REACH pathway launches year-long clinical training experience with Kaiser Permanente
A group of seven students has relocated to Modesto for an entire school year as part of a new initiative to bring better health to a region that is medically underserved, short on doctors and struggling with health disparities.
The students care for patients at hospitals and outpatient clinics under the direction of Kaiser Permanente physicians who are also committed to improving health equity. The Central Valley clinical experience, a new requirement of the REACH pathway, happens during the third year of medical school, a time when most students are serving at hospitals in Sacramento.
The seven students in the REACH pathway are: Maria Zepeda, Najiba Afzal, Diana Lopez (sitting); Gerardo Tellez, Darian Mangu, Benjamin Vincent, Dagoberto Pina (standing)
It makes a big difference to put students back in their community for their clinical training, said Alicia Gonzalez-Flores, a UC Davis Health internal medicine physician who moved to the Central Valley from Mexico as a teenager and now leads the medical school’s pathway initiatives.
This program allows our students to continue making connections and strengthening the community bonds that will motivate them to go back and practice medicine in the San Joaquin Valley, Gonzalez-Flores added.
This academic year marks the first in which a cohort of UC Davis students live and train entirely in the Modesto area.
It makes a big difference to put students back in their community for their clinical training… This program allows our students to continue making connections and strengthening the community bonds that will motivate them to go back and practice medicine in the San Joaquin Valley. – Alicia Gonzalez-Flores, executive director, Community Health Scholars, UC Davis School of Medicine
Training near the neighborhood where he was raised
Benjamin Vincent, a REACH student, likes to peer through the large windows on the fourth floor of Kaiser Permanente Modesto Medical Center to spot the neighborhood where he and his two brothers were raised. The house is just across Highway 99 in Salida, a Stanislaus County community of about 14,000 people and bountiful almond orchards.

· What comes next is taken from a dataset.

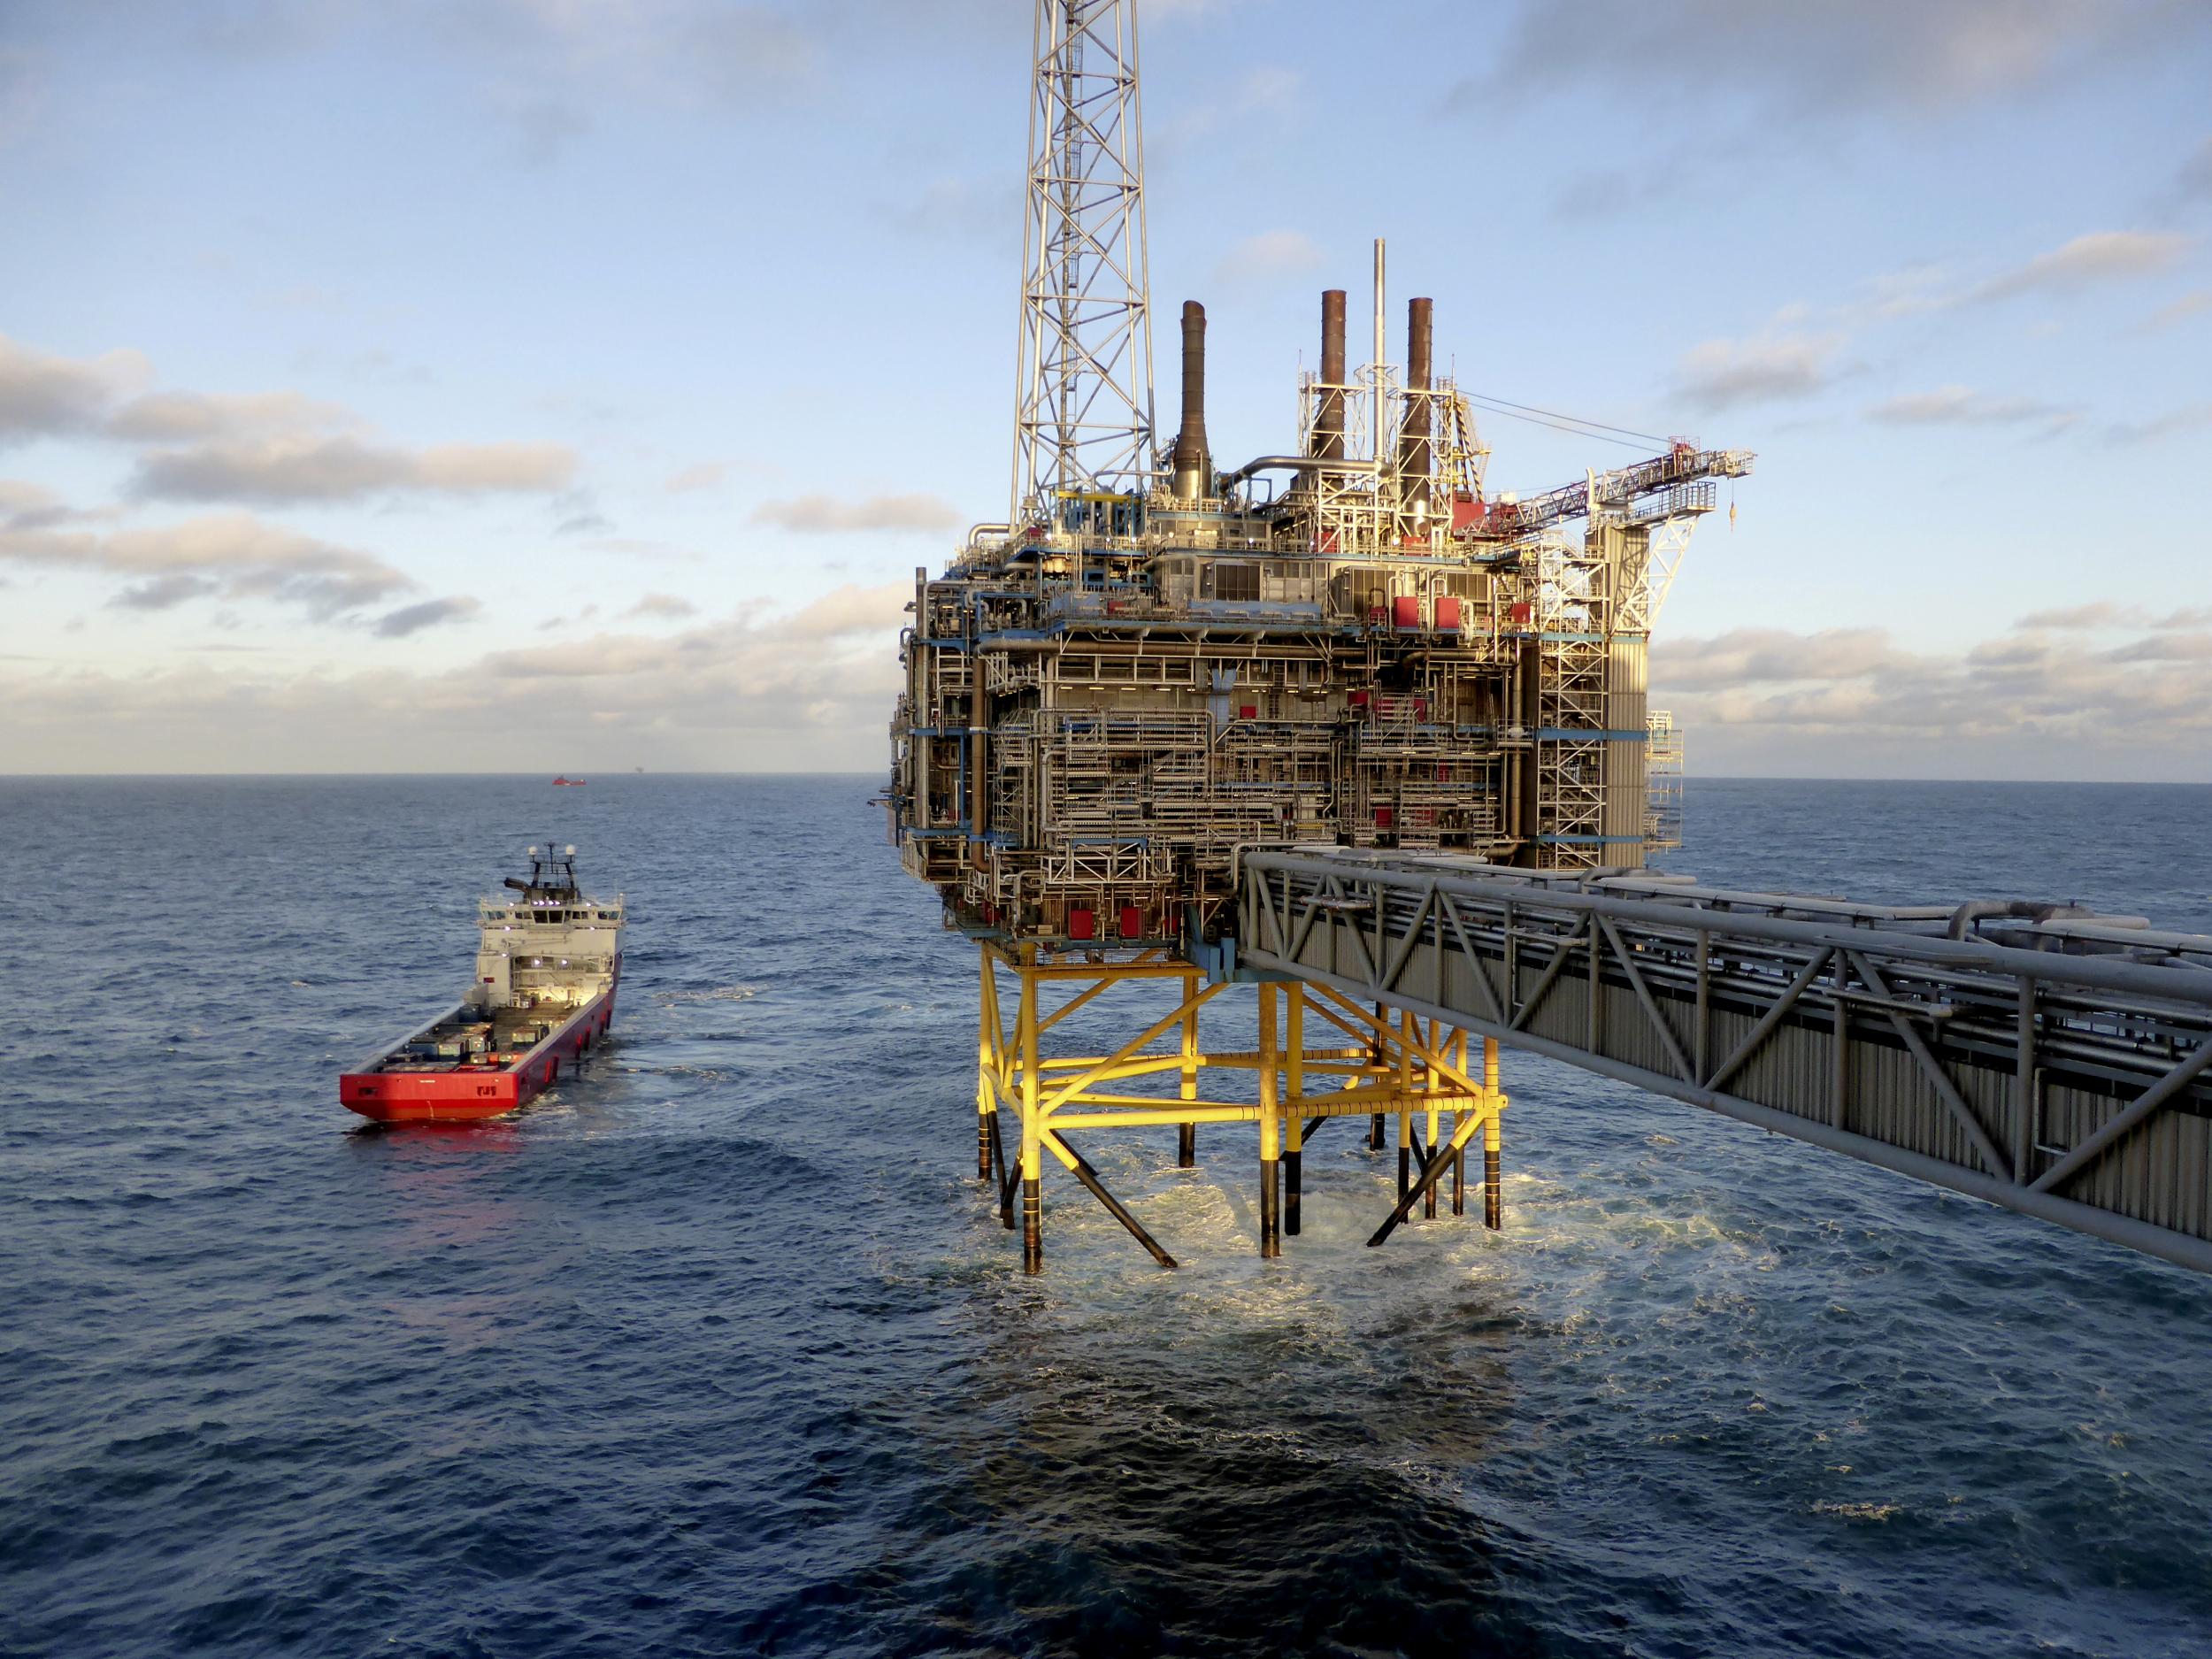 Norway is Scandinavia’s richest country and western Europe’s biggest oil and gas exporter

It still, at its core, has a small-town feel, Vincent said. If you ever watched Cheers, it’s an everybody-knows-your-name type of place.

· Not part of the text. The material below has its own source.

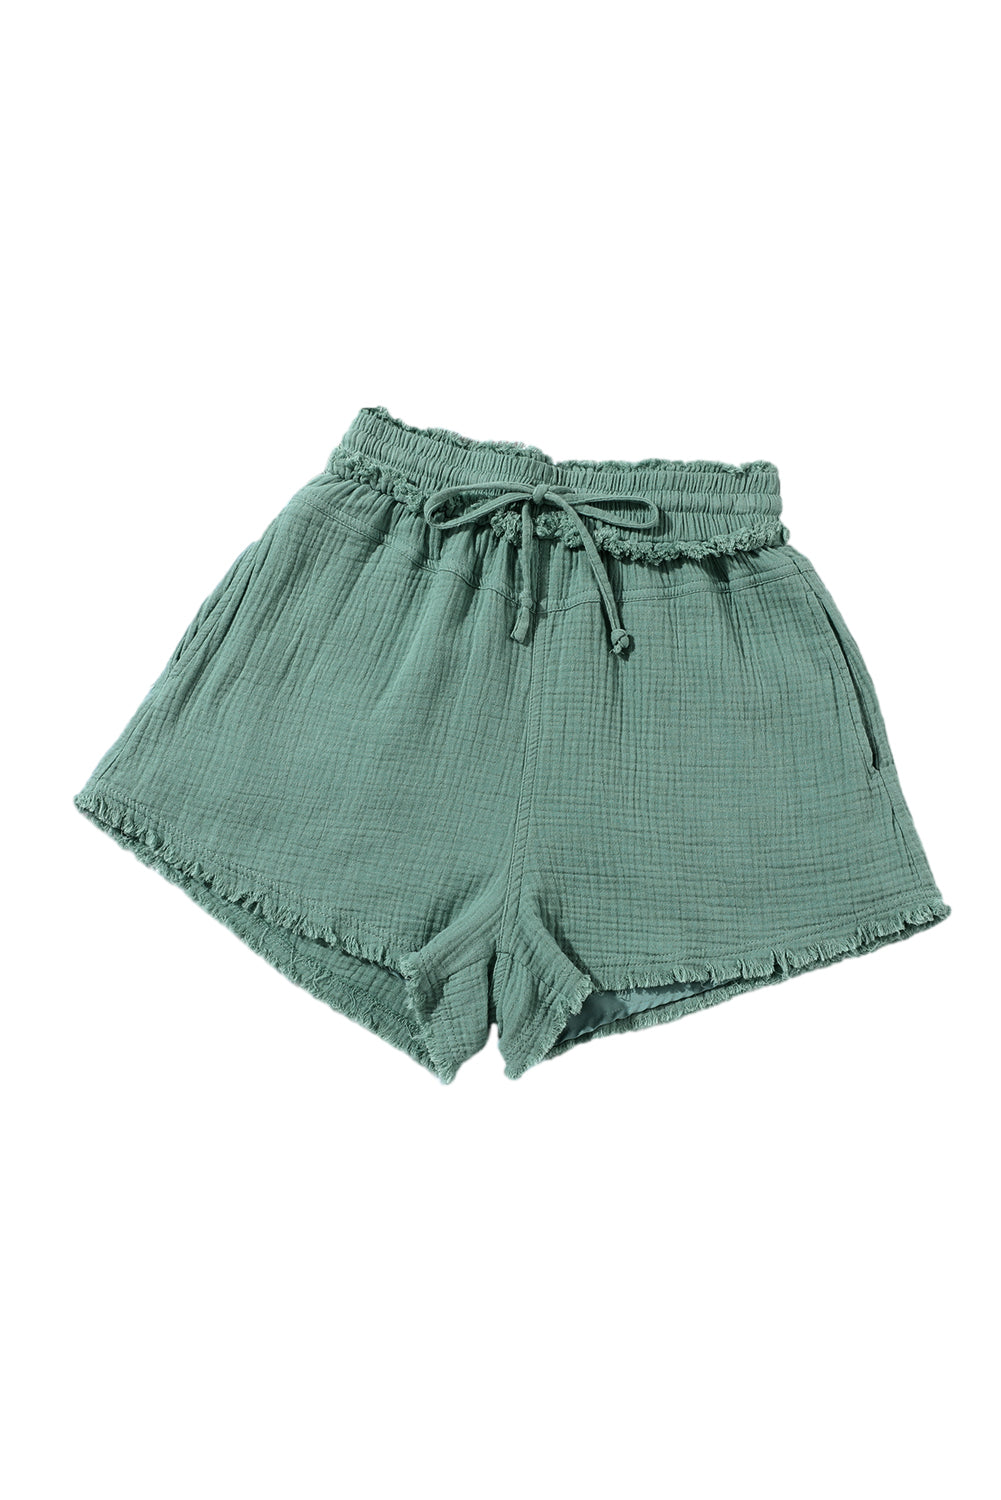 Night Shore Crinkled 100% Cotton Womens Shorts

Now he’s back living at the home in his old upstairs bedroom, down the hallway from his parents’ bedroom, with his wife Jacqueline who is six months pregnant with their first child.

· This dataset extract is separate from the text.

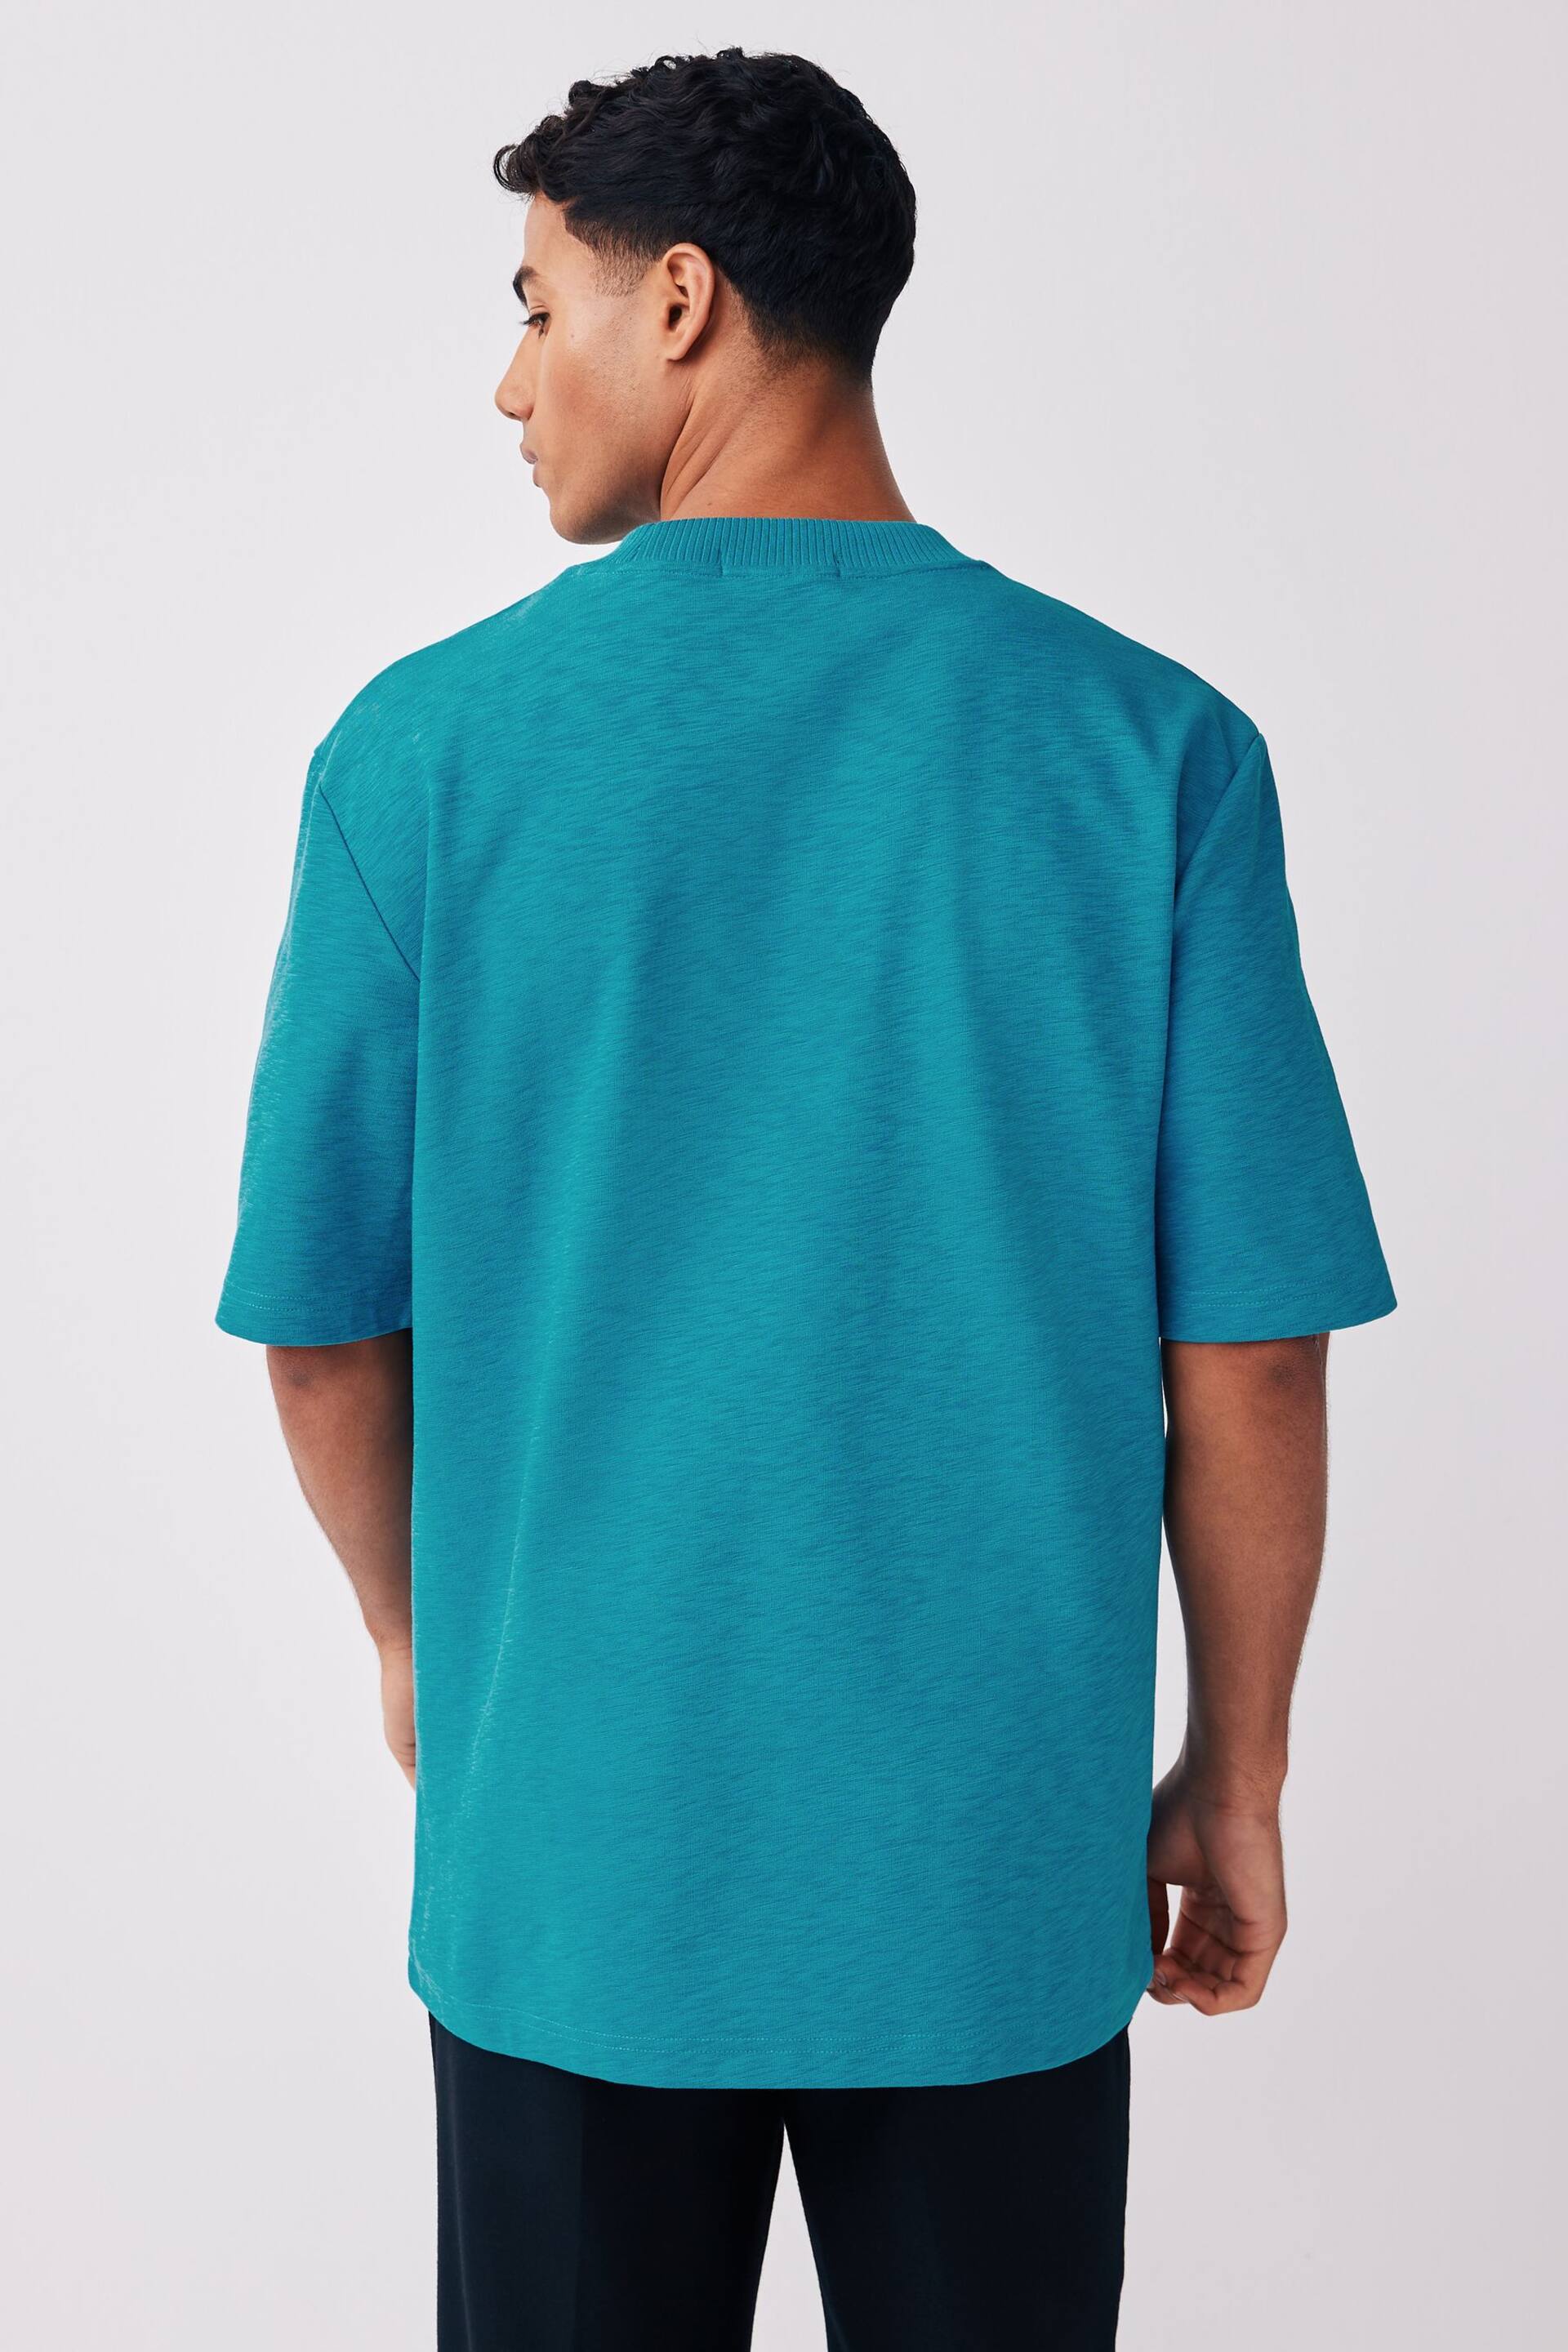 Fred Perry Relaxed Fit Slub Textured T-Shirt - Image 4 of 4

Vincent can’t wait to return to the area permanently. To be able to https://www.getbadcreditloan.com/payday-loans-nh/manchester/ come back home and do what I’m passionate about with people in our community, it’s just very, very fulfilling and seems like a calling, he said.
During his first two years of medical school, Vincent attended lectures and laboratory science classes, and lived near the UC Davis Health campus in Sacramento.
Now he spends full days at the Modesto hospital. Under the guidance of a Kaiser Permanente physician preceptor, he cares for patients in a different clinical area every six weeks in a role similar to that of a resident physician.
One of the highlights is bonding with patients, which is easier when the provider is from the area and can relate to anything from local politics to traffic tangles.
Studies show that patients who have positive, trusting relationships with their primary care providers tend to have better health outcomes.
In rural areas, however, many new doctors don’t stick around. Instead they move to larger cities with better salaries to pay down their student loans.
Vincent, who moved to Salida in ily medicine rotation who asked the aspiring doctor, So, where are you going to go after this?